Information shown =>
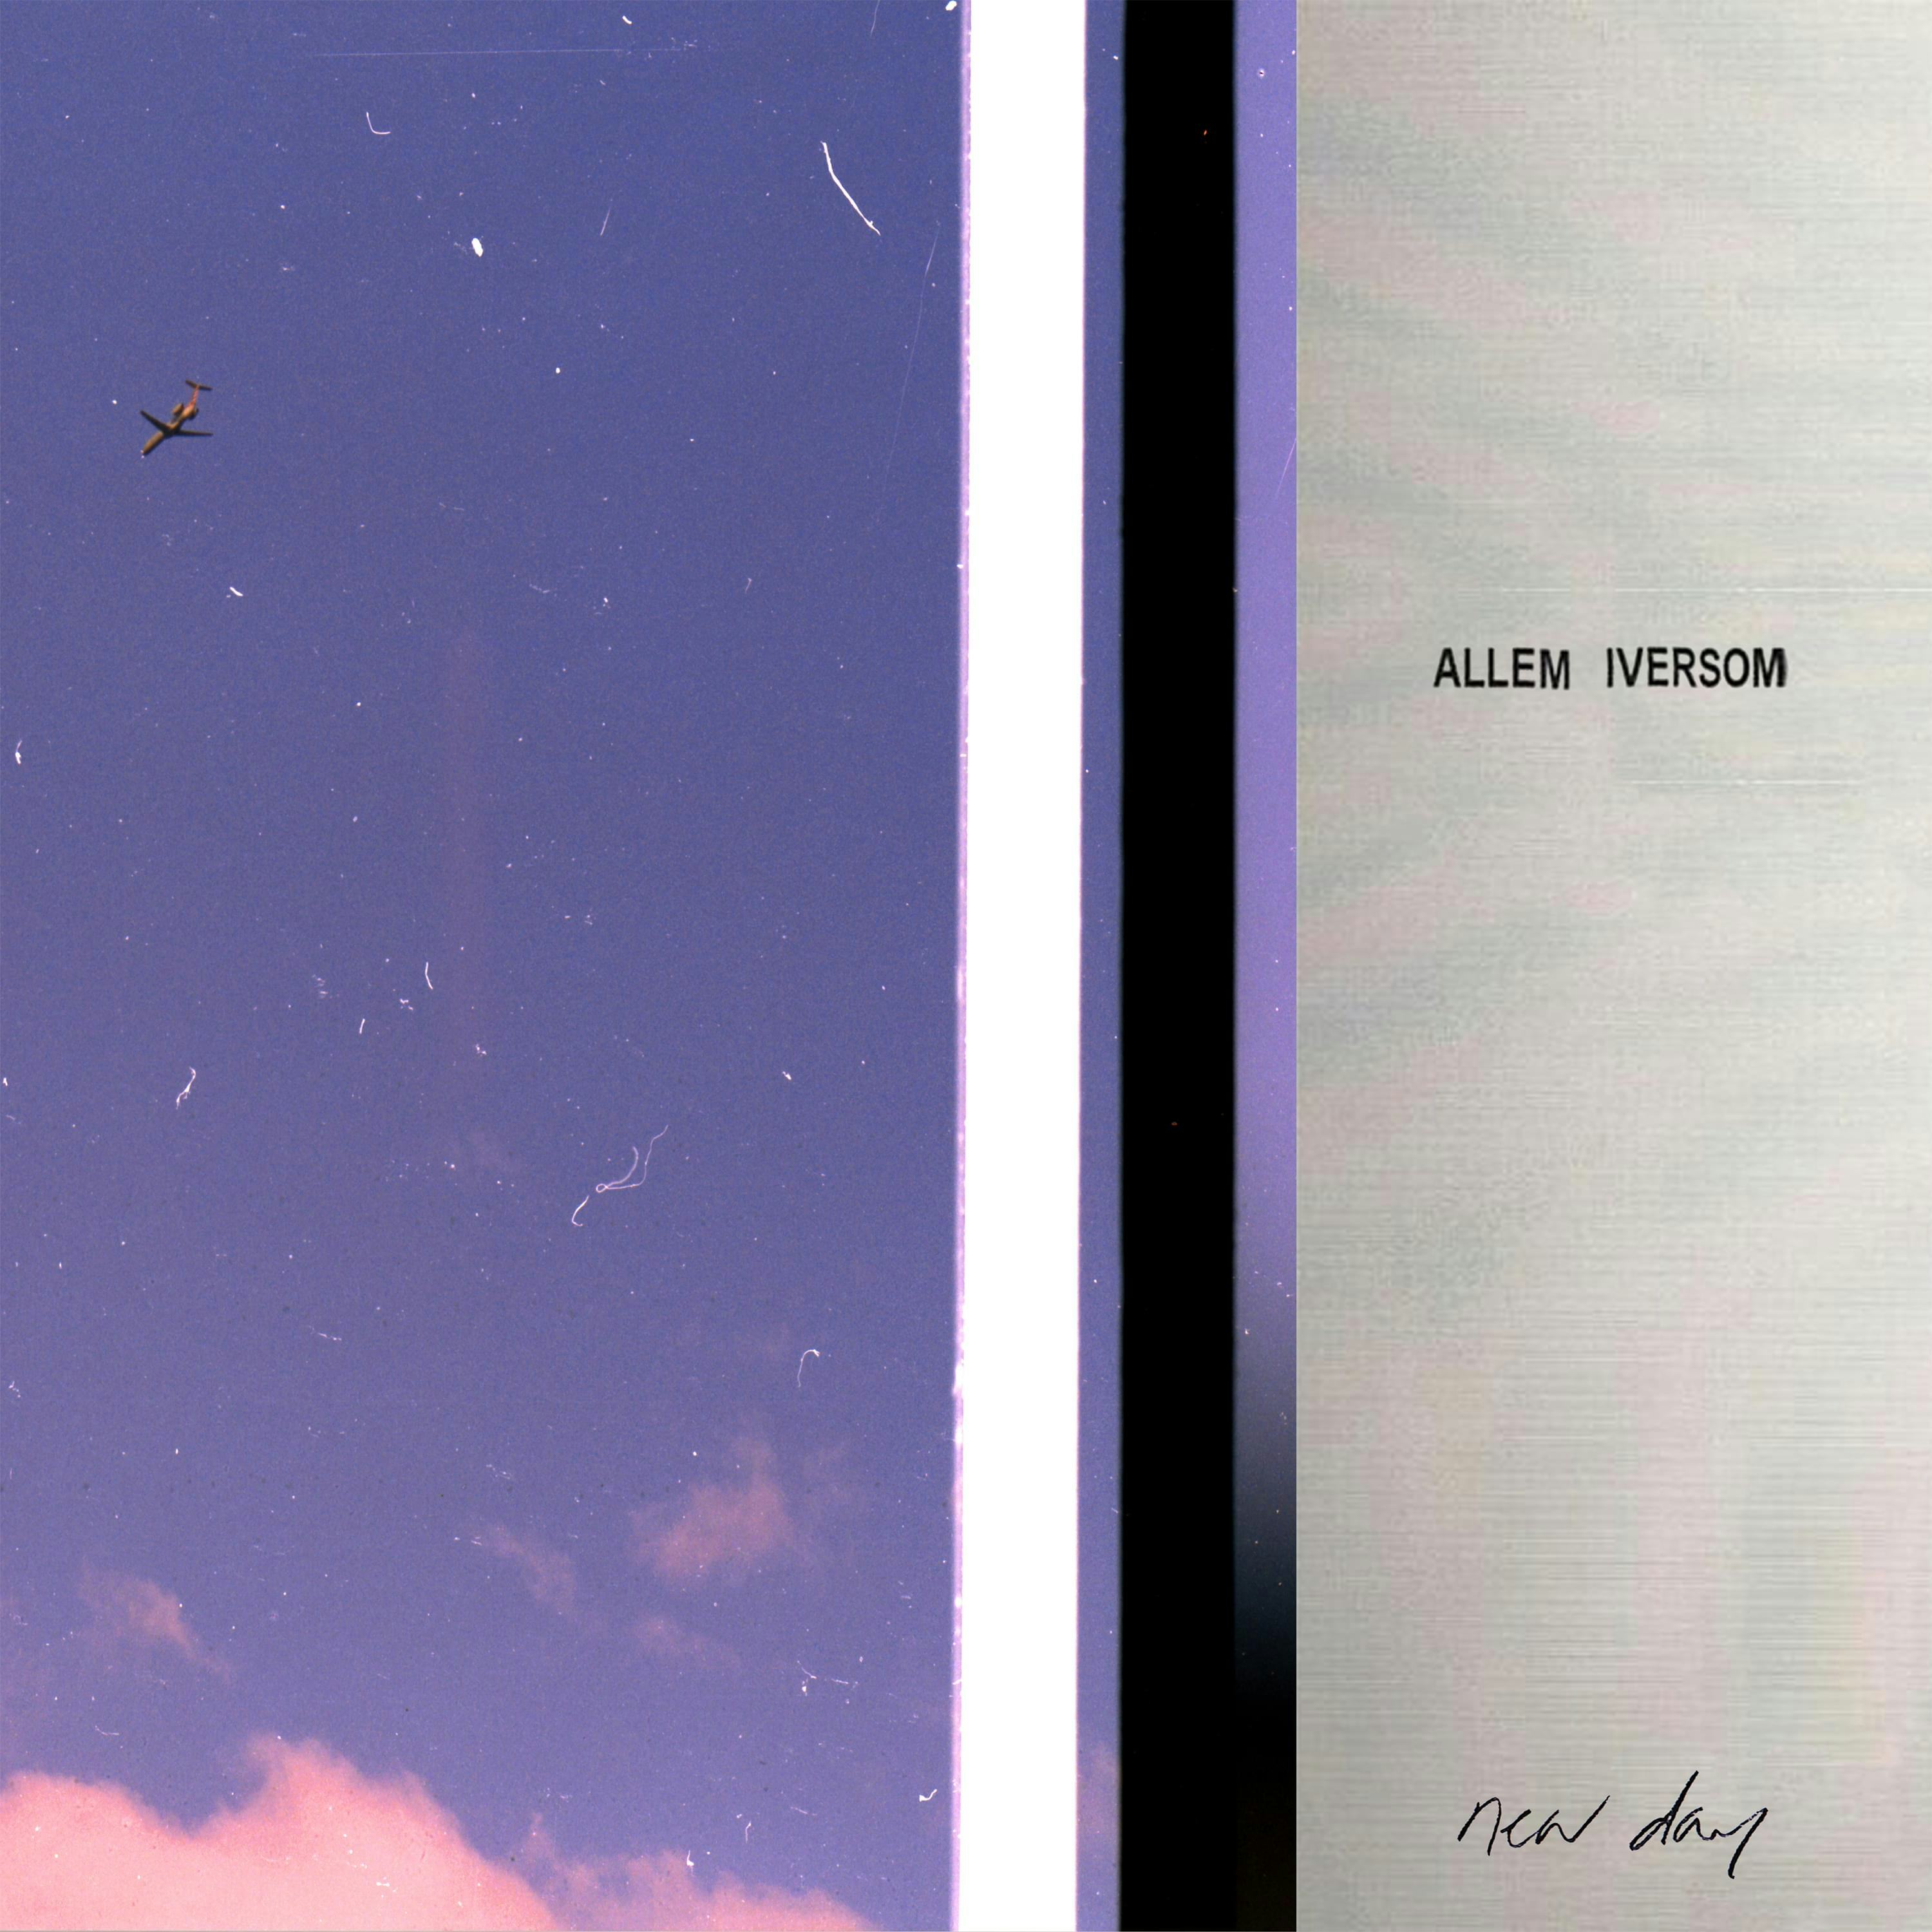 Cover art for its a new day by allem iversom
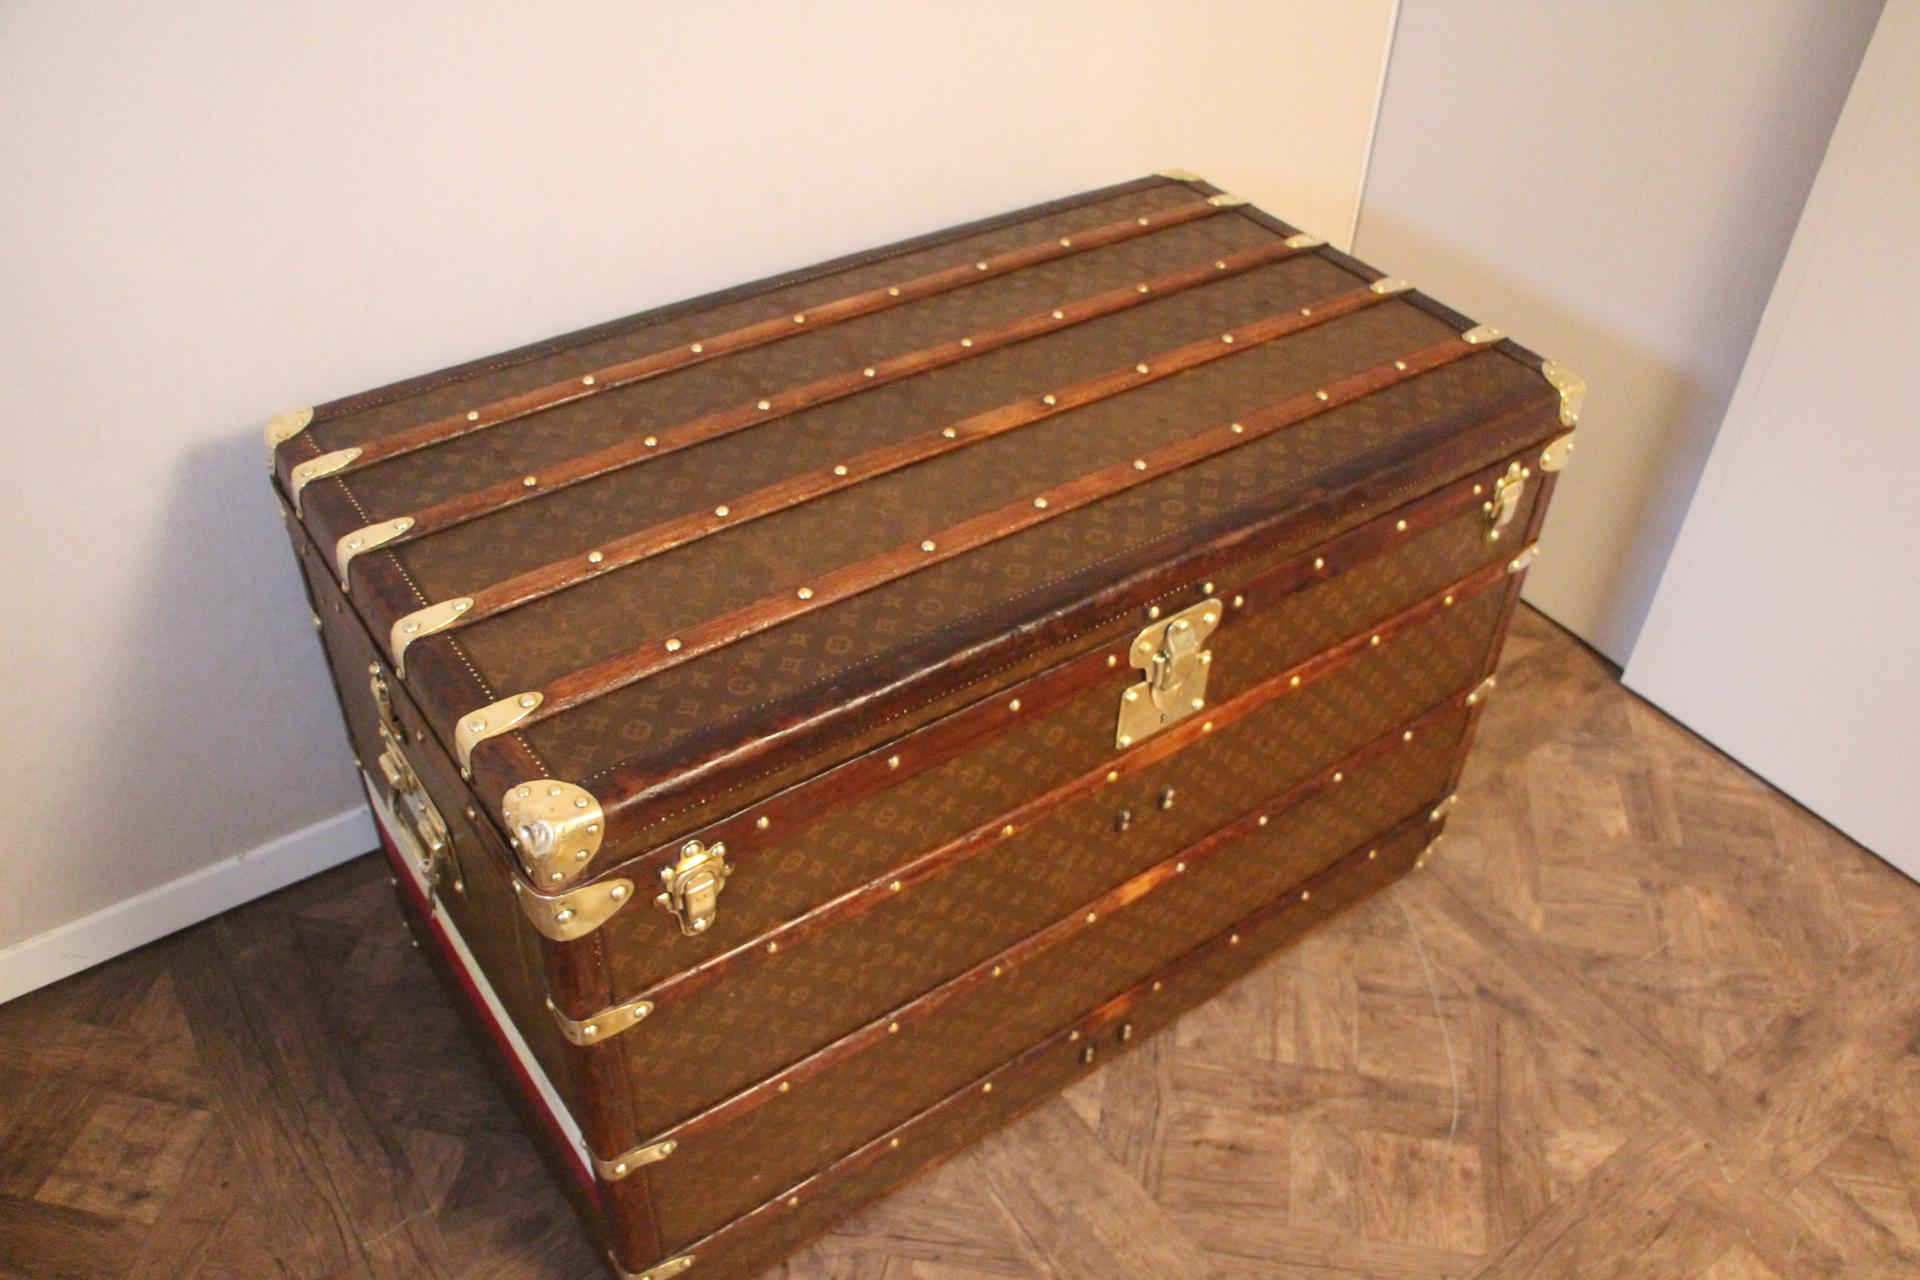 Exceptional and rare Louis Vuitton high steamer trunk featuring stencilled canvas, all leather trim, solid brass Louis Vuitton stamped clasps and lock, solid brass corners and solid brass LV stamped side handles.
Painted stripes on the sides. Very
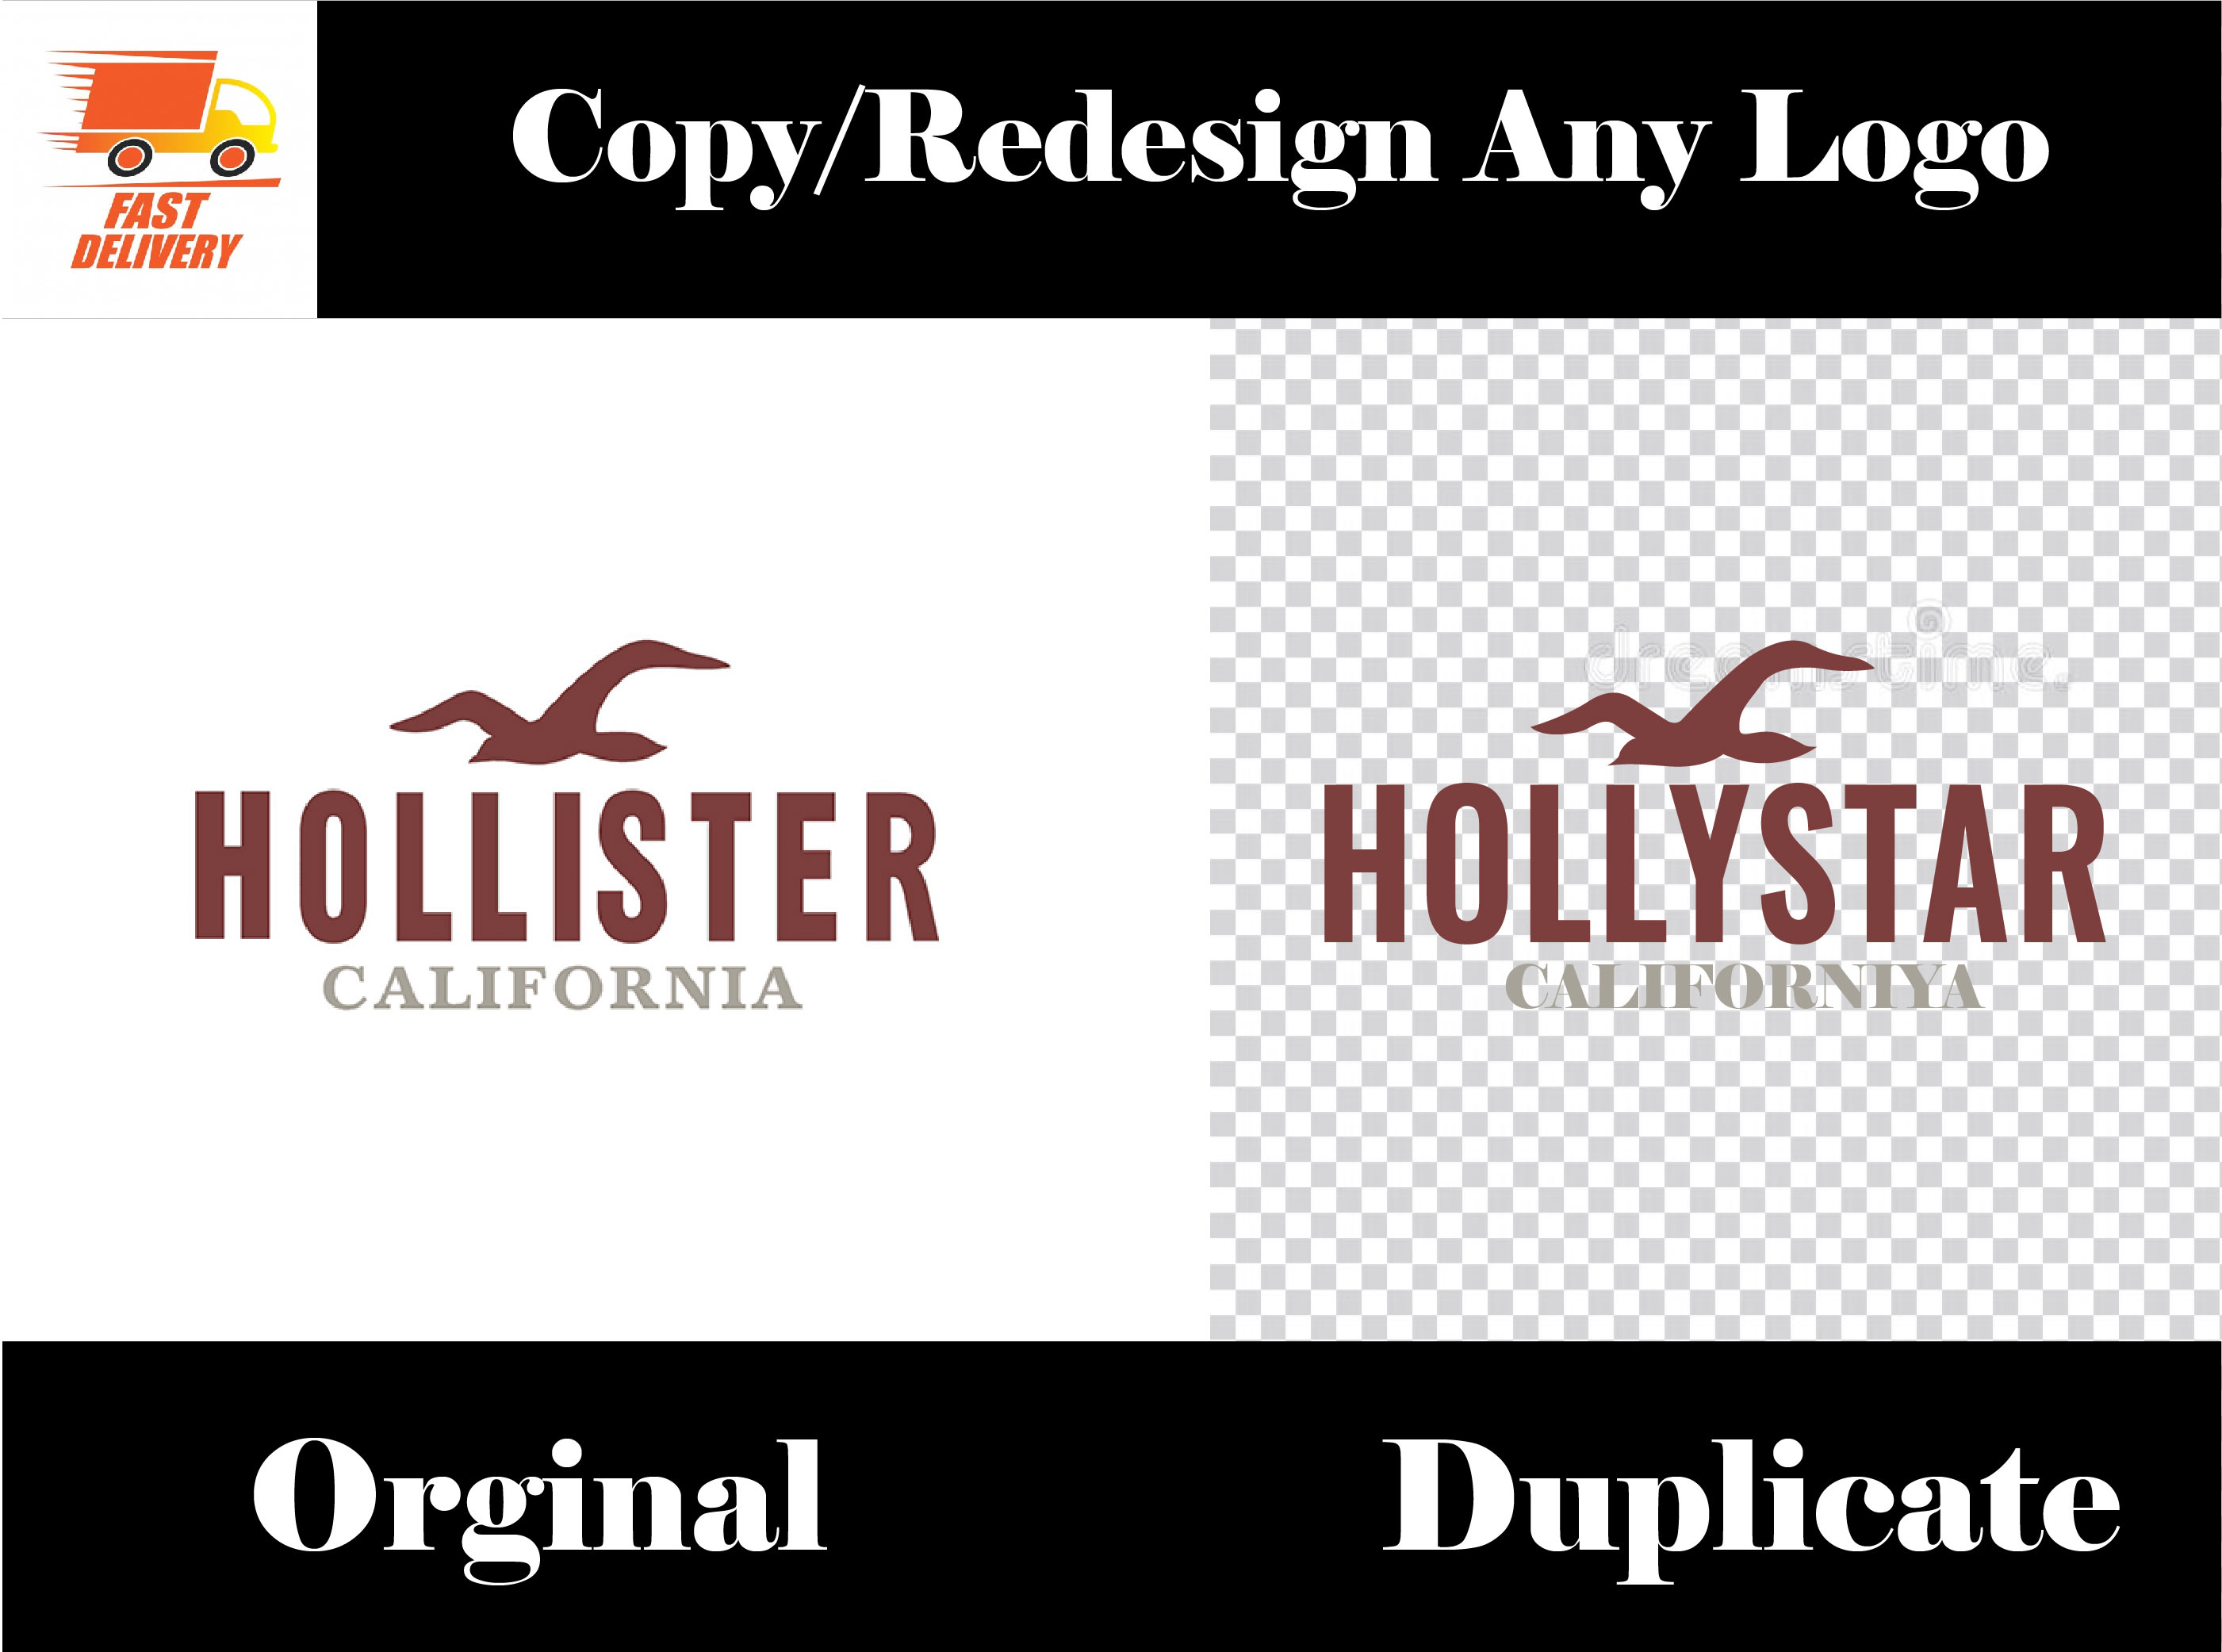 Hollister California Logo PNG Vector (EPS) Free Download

Exercise details => What you return must match, line for line, the span from the line containing "Painted stripes on the sides. Very" through the last line of the listing above, with every picture omitted.

Output for this task =>
Painted stripes on the sides. Very
 Hollister California Logo PNG Vector (EPS) Free Download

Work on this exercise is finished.